Черемухина вслед за Барабановым ушла. Синекаев вместе со стулом повернулся к Павлу:
— Ну, редактор, что же ты вынес еще из своей поездки? Как сев?
9
Переломным моментом в жизни часто бывает тот, который кажется самому человеку совершенно
незначительным и пустяковым. То, что Павел в течение суток дважды встретился на реке, недавно
освободившейся от льда, с какой-то незнакомой девушкой, не могло, конечно, надолго остановить его внимания.
Он не позабыл ее, но, пожалуй, особенно и не вспоминал. Она осталась где-то на берегу, под мокрым дубком с
еще не растаявшими льдинками на корневище. В шуме и толкотне лодок затерялся голос, который чаще всего
звучал грубовато и неподкупно, как у мальчишки. Он помнил ее взгляд исподлобья, но уже не
мог сказать сточностью, какого цвета были глаза. Впечатление воинственности и сиротства, которое осталось у него,
понемногу заслонилось просто именем Тамара, безликим, как всякое чужое имя, с которым нас не связывает ни
особое дружелюбие, ни неприязнь.
Поэтому, когда она столкнулась с ним на улице Сердоболя, он бы рассеянно прошел мимо, если б она
сама не окликнула его.
— Лейтенант! — громко позвала она.
Он удивленно обернулся и увидел, как она вспыхнула до корней волос, потому что он уже забыл это
слово и оно не значило для него ничего. Досадуя на промашку, он принудил себя к теплоте, которой не
чувствовал на самом деле.
— А, отважная мушкетерша, — сказал он, улыбаясь.
Но она не приняла его тона и забилась в свою раковину. Они медленно шли по тротуару, не зная, что
делать дальше друг с другом. Павел, чувствуя себя все еще виноватым, расспрашивал на правах старшего, давно
ли она приехала сюда, какое у нее задание на этот раз.

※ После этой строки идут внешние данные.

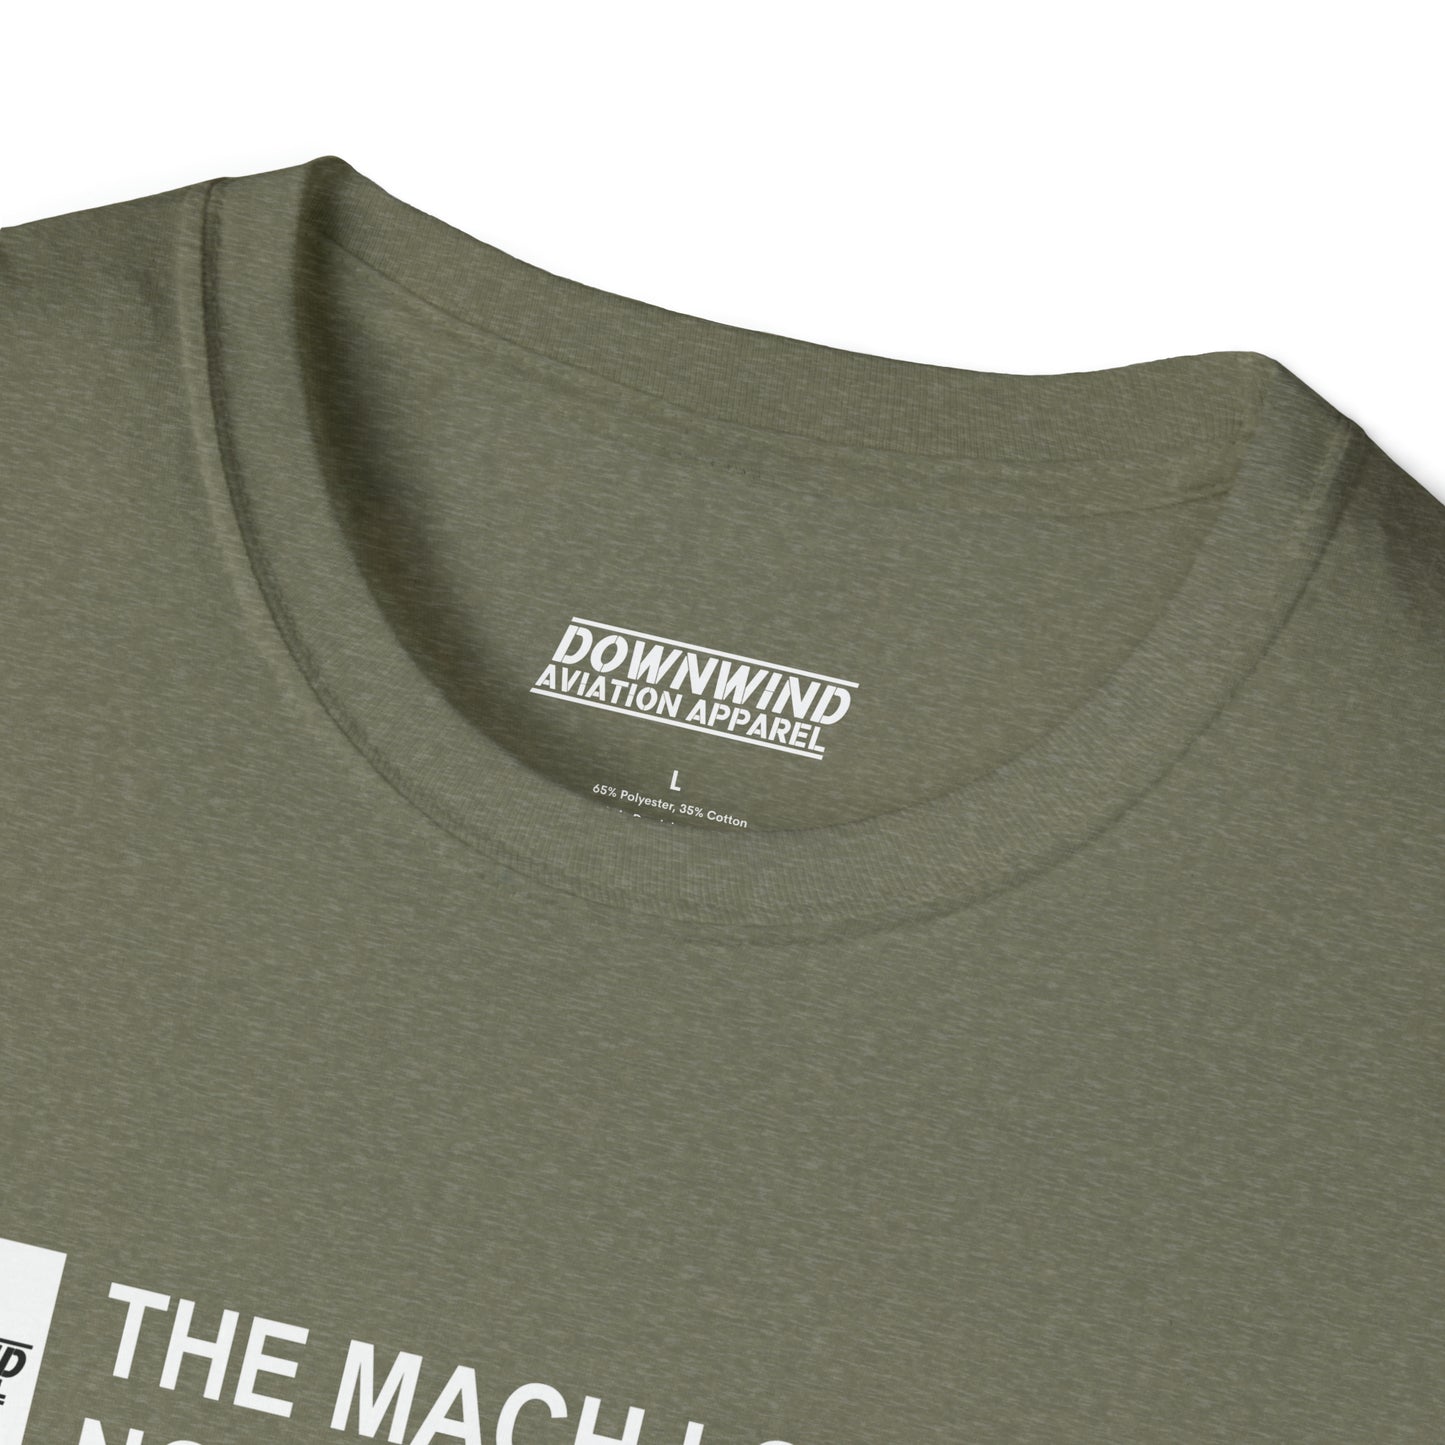 The Mach Loop / North Wales T-Shirt

Она односложно отвечала, и так они шли, пока не остановились перед чайной, и он, полуизвиняясь,
сказал, что должен зайти сюда за папиросами. Он думал, что они попрощаются, но она молча последовала за
ним.
В пустом зале буфетчица, улыбаясь Павлу как старому знакомому, несла к стойке груду горячих
пирожков на противне
— Лена, дай человеку пирожок, — сказал вдруг Павел с той доброй непринужденностью, при которой
его покровительство не могло обидеть.
И, уже поднеся ко рту прихваченный папиросной бумагой горячий комок теста, Тамара полуудивленно,
полупризнательно пробормотала:
— Как вы это догадались?
— О чем?
— Да что я очень хочу есть.
Он впервые внимательно посмотрел на нее. На ней была все та же вязаная шапочка с помпоном. Худое
лицо заметно тронул весенний загар, и несколько темных веснушек, похожих на родинки, сидело на подбородке
и переносице.
— Позавтракайте хорошенько, — мягко сказал он. — А потом, если будет время, загляните ко мне в
редакцию. Хорошо?
Он протянул ей руку, она дала свою, но отозвалась опять колюче, отводя глаза в сторону:
— Я не останусь сегодня в Сердоболе. Я поеду дальше.
— Тогда — в следующий раз, — уже гораздо суше проговорил Павел и вышел, высоко неся свою
черноволосую голову, ни разу не оглянувшись, словно был вне досягаемости ее глупых обид.
День сложился у Павла хлопотливо. Это был вторник, когда в редакции проводился обзор номеров за
прошлую неделю и утверждался план — а для пятницы уже и макет — номеров будущих.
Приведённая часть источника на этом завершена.